La voix de Leto lui parvenait des profondeurs intérieures auxquelles il avait seul accès.
Lentement, silencieusement, Moneo ouvrit la porte et se glissa dehors, toujours à reculons. Puis il referma la porte derrière lui et s’y adossa en tremblant.
Jamais il n’a été si près.
Le paradoxe demeurait cependant. Qu’indiquait-il ? Quel était le sens des étranges et douloureuses décisions de l’Empereur-Dieu ? Qu’est-ce qui avait fait sortir Le Ver Qui Est Dieu ?
Un choc sourd retentit, venant de l’intérieur. Des coups contre la pierre. Moneo n’osait pas entrouvrir la porte pour voir ce que c’était. Il s’écarta du panneau qui lui transmettait les secousses par vibrations et se mit à descendre lentement l’escalier, sans faire de bruit, retenant presque sa respiration jusqu’à ce qu’il arrive au rez-de-chaussée, où se trouvait une garde Truitesse.
— Quelque chose le trouble ? demanda-t-elle en indiquant le haut de l’escalier.
Moneo acquiesça. Les coups parvenaient distinctement à leurs oreilles.
— Pourquoi est-il troublé ? demanda la Truitesse.
— Il est Dieu et nous sommes mortels, fit Moneo.
Habituellement, c’était le genre de réponse qui satisfaisait les Truitesses, mais il y avait actuellement d’étranges nouvelles forces à l’œuvre.
Elle le regardait avec insistance et Moneo décela la tueuse juste sous la surface de ses traits féminins. Elle était relativement jeune et sa chevelure auburn dominait un visage normalement caractérisé par son nez retroussé et ses lèvres charnues. Mais c’était à présent son regard, dur et incisif, qui retenait toute l’attention. On n’avait pas intérêt à tourner le dos à un tel regard.

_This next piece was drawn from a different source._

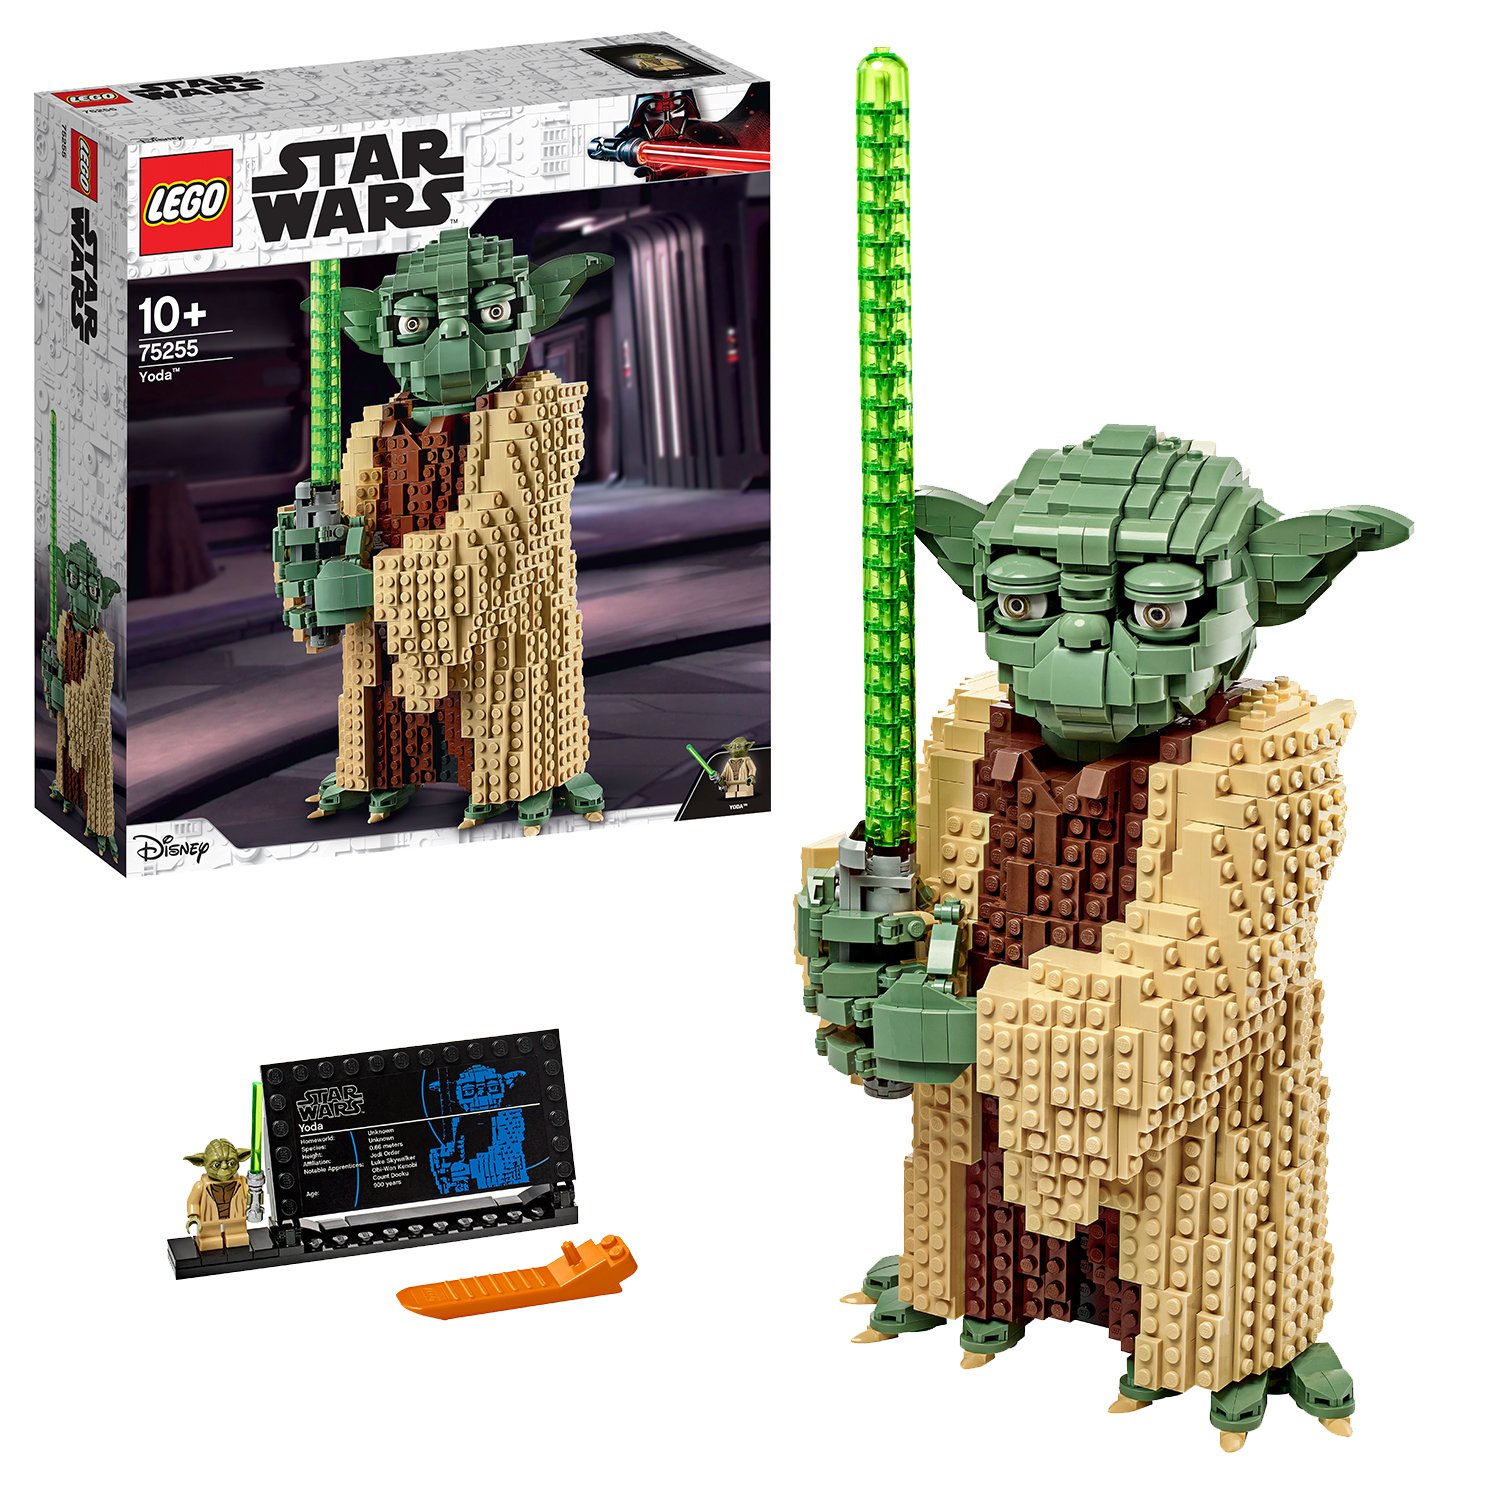 LEGO Star Wars Yoda Figure Attack of the Clones Set Review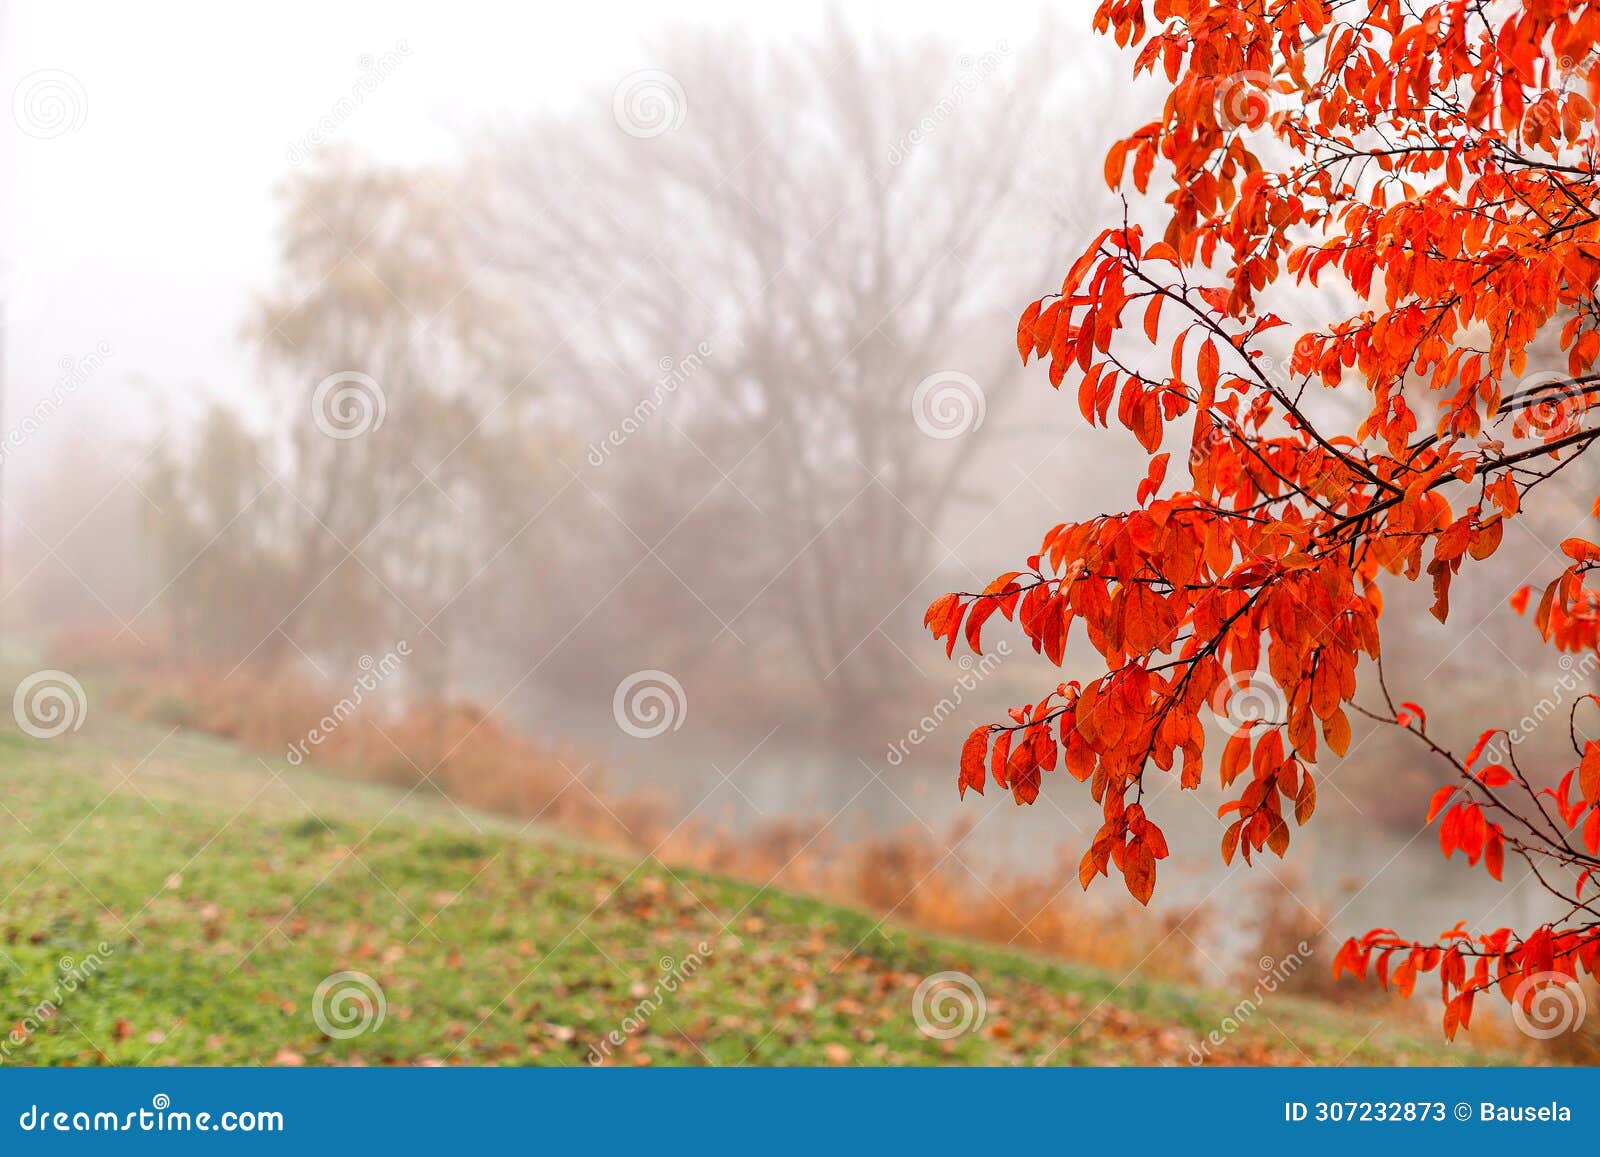 natural scene of a foggy day framed by red leaves in the foreground.

— Ce n’est pas moi qui l’ai mis dans cet état-là, dit-il.
— Je m’en doute. Le regard de la Truitesse se radoucit légèrement et elle ajouta : Mais j’aimerais savoir quelle est la personne ou la chose responsable.
— Je pense que c’est son mariage qui le rend impatient. Rien de plus.
— Vous n’avez qu’à avancer la date !
— C’est ce que je vais faire, dit Moneo.
Il tourna les talons et s’éloigna d’un pas rapide dans le grand hall en direction de ses propres quartiers. Par tous les dieux ! Les Truitesses étaient en train de devenir aussi dangereuses que l’Empereur-Dieu.
Cet imbécile de Duncan… il nous met tous en danger. Et cette Hwi Noree ! Comment faut-il la prendre ?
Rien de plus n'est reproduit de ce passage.